Anastasius of Antioch saw no danger in the word, and told him so. "You ought not to have said that the matter is of no importance," the Pope wrote in reply. "If we endure this calmly we corrupt the faith of the whole Church. To say nothing of the injury to your own office, if one bishop is called universal, the whole Church collapses when the universal one fails in faith. And you know that heretics and even heresiarchs have before now held sway in the See of Constantinople."
Eulogius of Alexandria promised he would obey the Pope's injunction. St. Gregory was not satisfied with the wording of his letter.
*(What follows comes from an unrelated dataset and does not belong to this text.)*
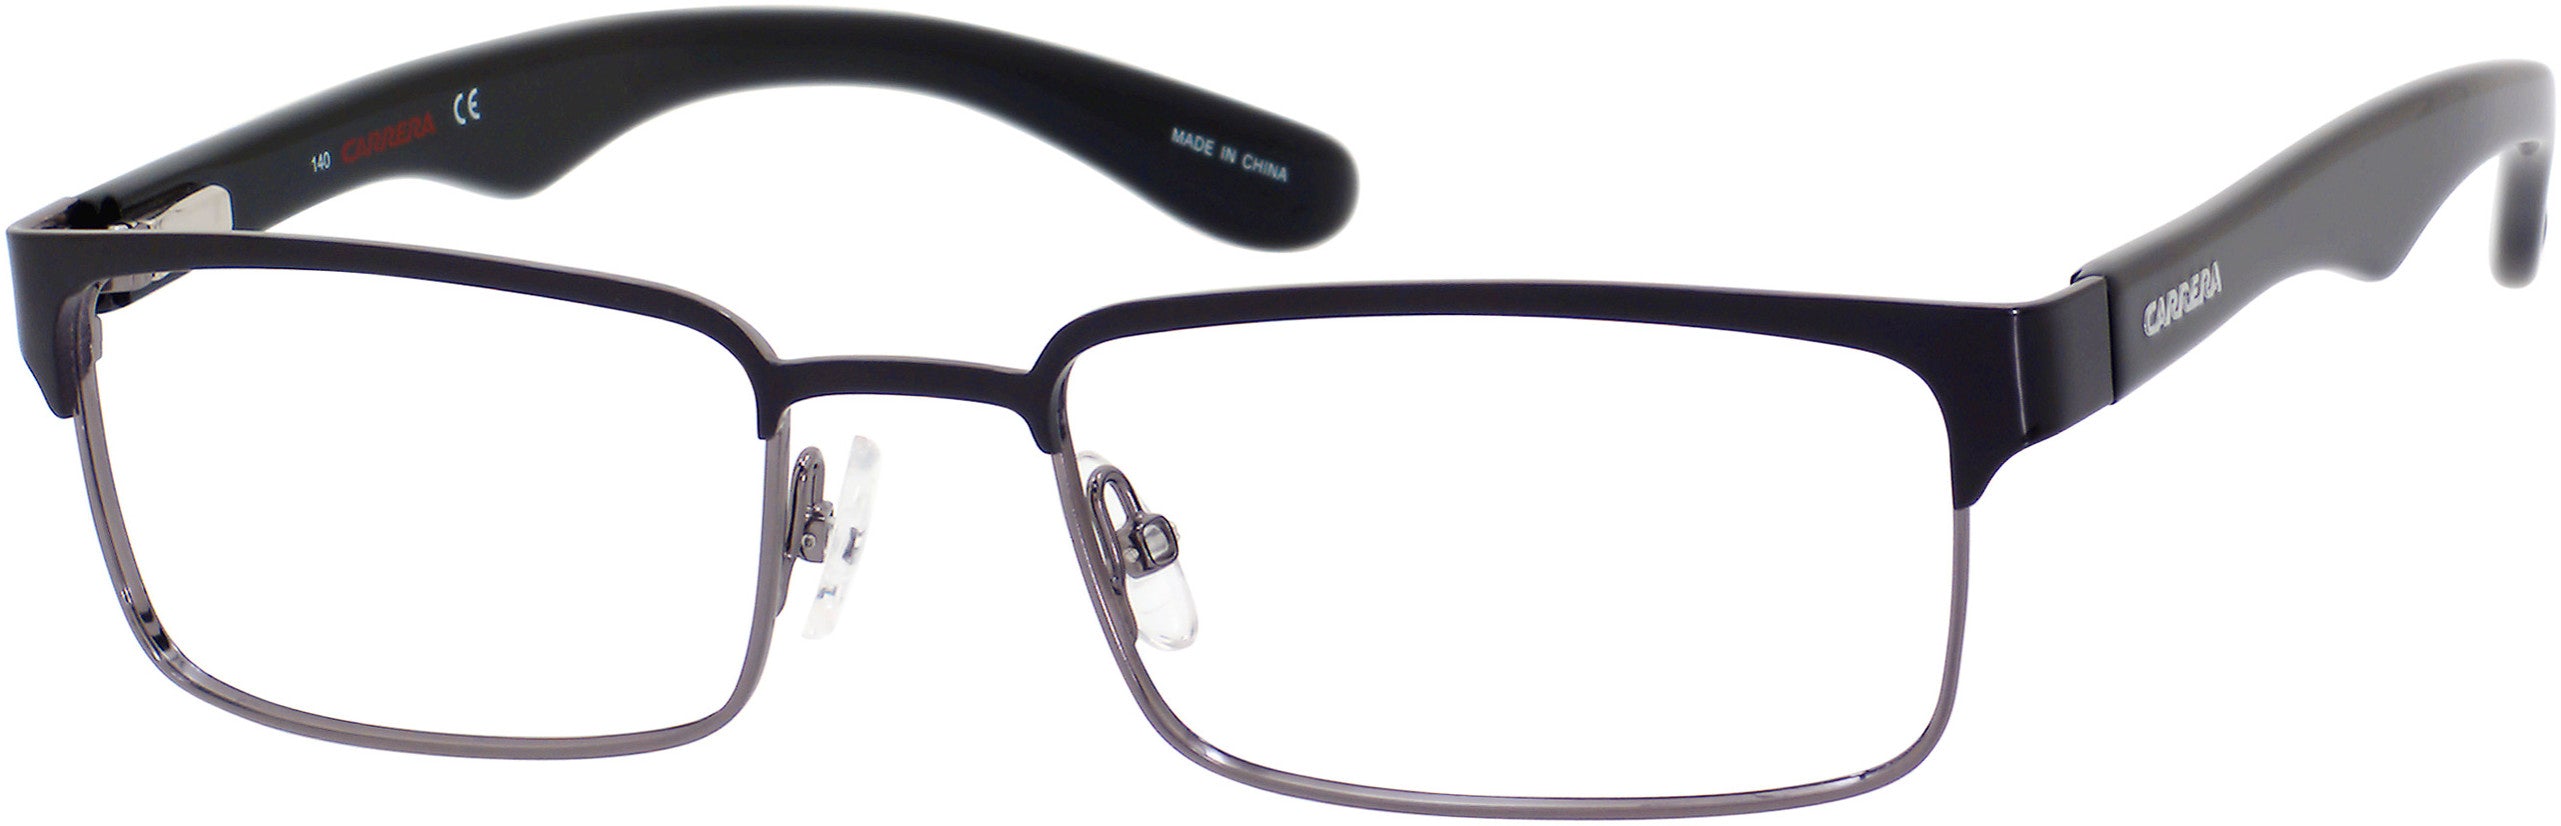  Carrera 6606 Rectangular Eyeglasses 0J0P-0J0P  Black / Dark Ruthenium (00 Demo Lens)

"Your Blessedness has not taken the trouble to remember accurately what I tried to impress upon you when last I wrote. I said you ought not to apply the proud title to me, or to anyone else. Yet in the very first line of your reply, you address me as universal Pope! I beg your gentlest Holiness, whom I love so dearly, never to do this again. What you give so unreasonably to another you take away from yourself. I do not wish for an honour by which my brethren lose that honour which is their due. My honour is the honour of the whole Church. My honour is the united strength of my brother bishops. Then am I truly honoured when the honour due to each one is not withheld. Now if Your Holiness calls me universal Pontiff, you deny to yourself the thing [episcopal jurisdiction] about which you call me universal. Cease using words which inflate vanity and wound fraternal love."